In a shameful 35-minute rant, Jackiey knocked back red wine spritzers as she laid into Jade, who died from cervical cancer in March.
She told how she bellowed obscenities at Jade's grief- stricken sons Bobby, five, and Freddie, four.
Jade's widower Jack Tweed - locked up on remand on a rape charge - also came in for abuse, with Jackiey declaring he had "shagged away" his grief.
She horrified drinkers in the Harley's Bar near Los Cristianos, Tenerife, when she turned her venom on her own grandkids. Jackie, 51, slurred: "Jade's youngest one Fred, he tried to be a big man. I said, 'You know what, you better f*** off now.' I did, Jade's little one. I said, 'You better f*** off.' I said, 'I don't care you're only four, I'm telling you now, f*** off Fred. Don't be 11 when you're four or I'll treat you back as 11. And they'll respect you to the max for that'.
"You wanna call me a bad granny then f****** start. It aint gonna change me.

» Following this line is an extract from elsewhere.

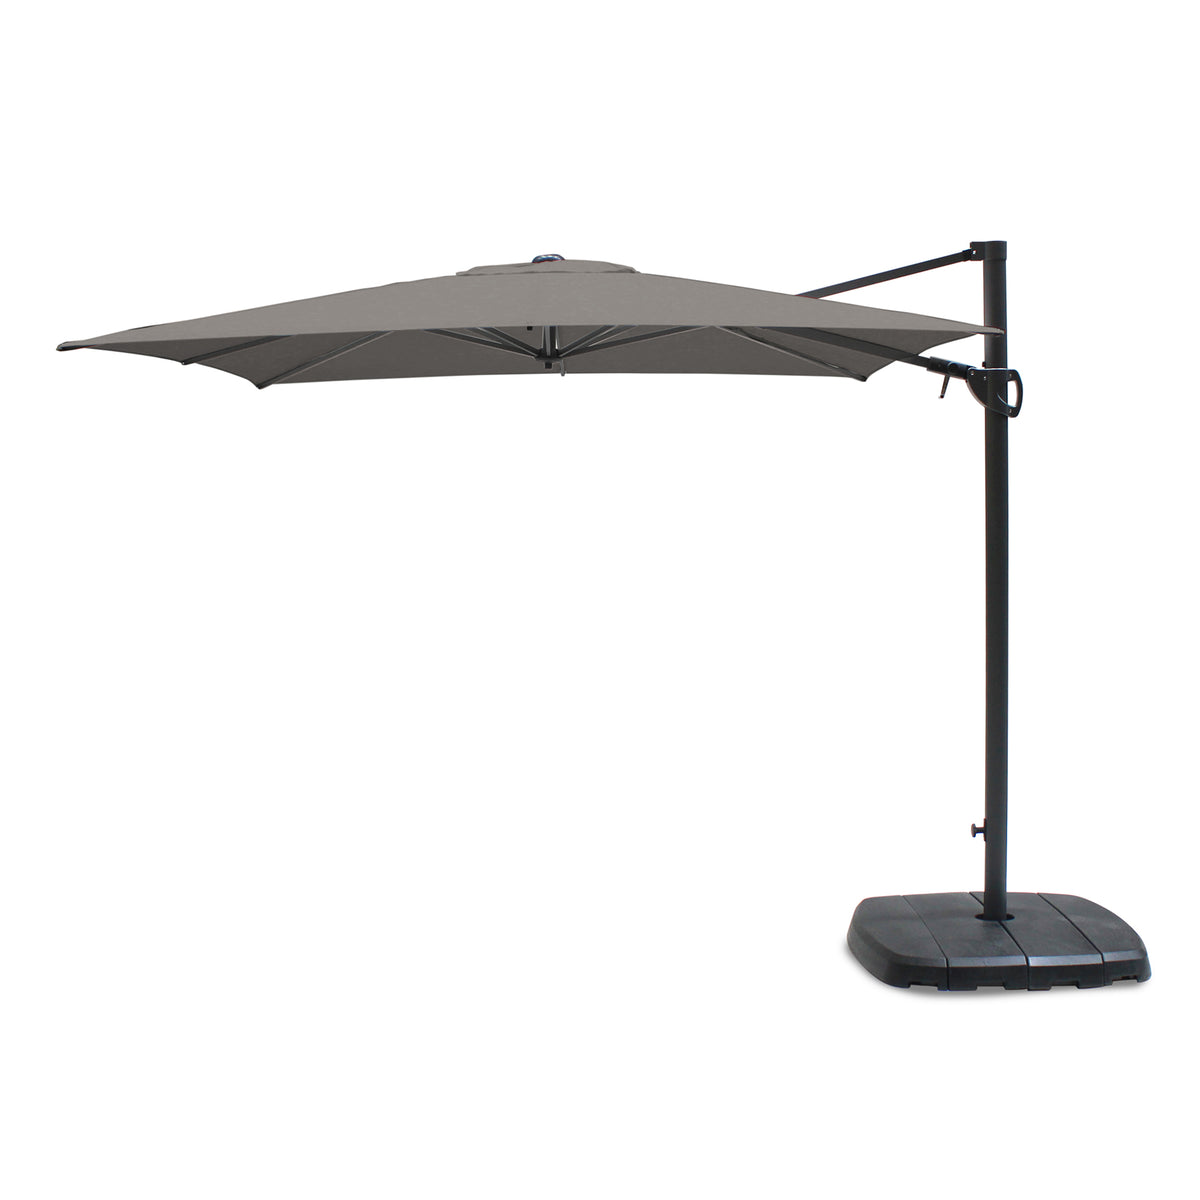 Kettler 2.5m Square Free Arm Cantilever Parasol with Base - Taupe

If he comes and does it again I'll tell him to f*** off same way."

She then lampooned Jade, whose infamous blunders endeared her to the nation when she leapt to fame on Big Brother.
Wearing an expensive black and white floral print dress, Jackiey told fellow drinkers: "She was in her own f****** world.
"When she went to Belfast she saw a photo of the f****** Mona Lisa and she said it was Pistachio. Where'd she get that from? Where's East Anglia? Do I need a passport?"
Chain-smoking Jackiey continued her onslaught: "That's only a bit. She had to go to Newcastle to do a film premier and she went: "Do I need euros, Mum?"
Asked about Tweed, Jackiey said: "He's grieving and he's drinking but I can't understand him sex wise. Don't grieve and tell me you're having sex, cause that don't work. He's 22, he got engaged beside her bed. He's only a child." Breaking her silence over Tweed's rape charge, Jackiey declared: "He's not guilty."
Clutching her car keys as she guzzled more booze, Jackiey then branded her grandsons' dad Jeff Brazier an "a***hole".
Sporting a golden tan and blonde highlights, the bisexual ex-junkie - who's raked in thousands of pounds from publicity surrounding her daughter's death - spoke ahead of a lavish invitation-only bash last night to celebrate her engagement to lover Jason Cooper, 36.

Jackiey, who plans to marry her former soldier boyfriend next February, bragged about owning homes in Tenerife, India and, bizarrely, Nigeria.
She burst into fits of laughter as love rat Jason joked about a woman from social security wanting her picture taken with her in the bar.
Emerging from the bar with yet another pint of cider, Jason yelled: "One of the persons here they're from the social they want a picture with you." Jackiey turned to the woman as Jason joked: "I told her you from the social security and she believed it." Jackiey laughs, saying: "That's so funny."
But there were few smiles earlier when a pal pulled her back from headbutting a woman who branded her a "hard-face ****" who had "never been a mother".
Later, as she became more loose-tongued Jackiey, who has a paralysed right arm and admits still smoking cannabis, even poked fun at her own mum, Jade's beloved granny Sylvia, who has dementia.
Jackiey told drinkers: "My mum's 86 and she's got dementia and she's lost. I'm sorry, I don't mean to laugh.
"When Jade was alive she idolised mum. My dad's pulling his hair out, but I laugh at her. I can't help it, I laugh."
As the crowds grew, Jackiey reeled off tear-jerking tales about her daughter - only pausing to scream obscenities at passing youngsters. Jackiey then invited total strangers to her engagement party.
Finally, as Jason dragged her off to yet another bar, Jackiey boasted of yet another expensive jaunt to Barcelona this week - to celebrate her birthday.
Last night Jackiey's spokesman denied she swore in front of her grandkids.
He said: "Jackiey was enjoying a joke with friends and not all of it should be taken seriously."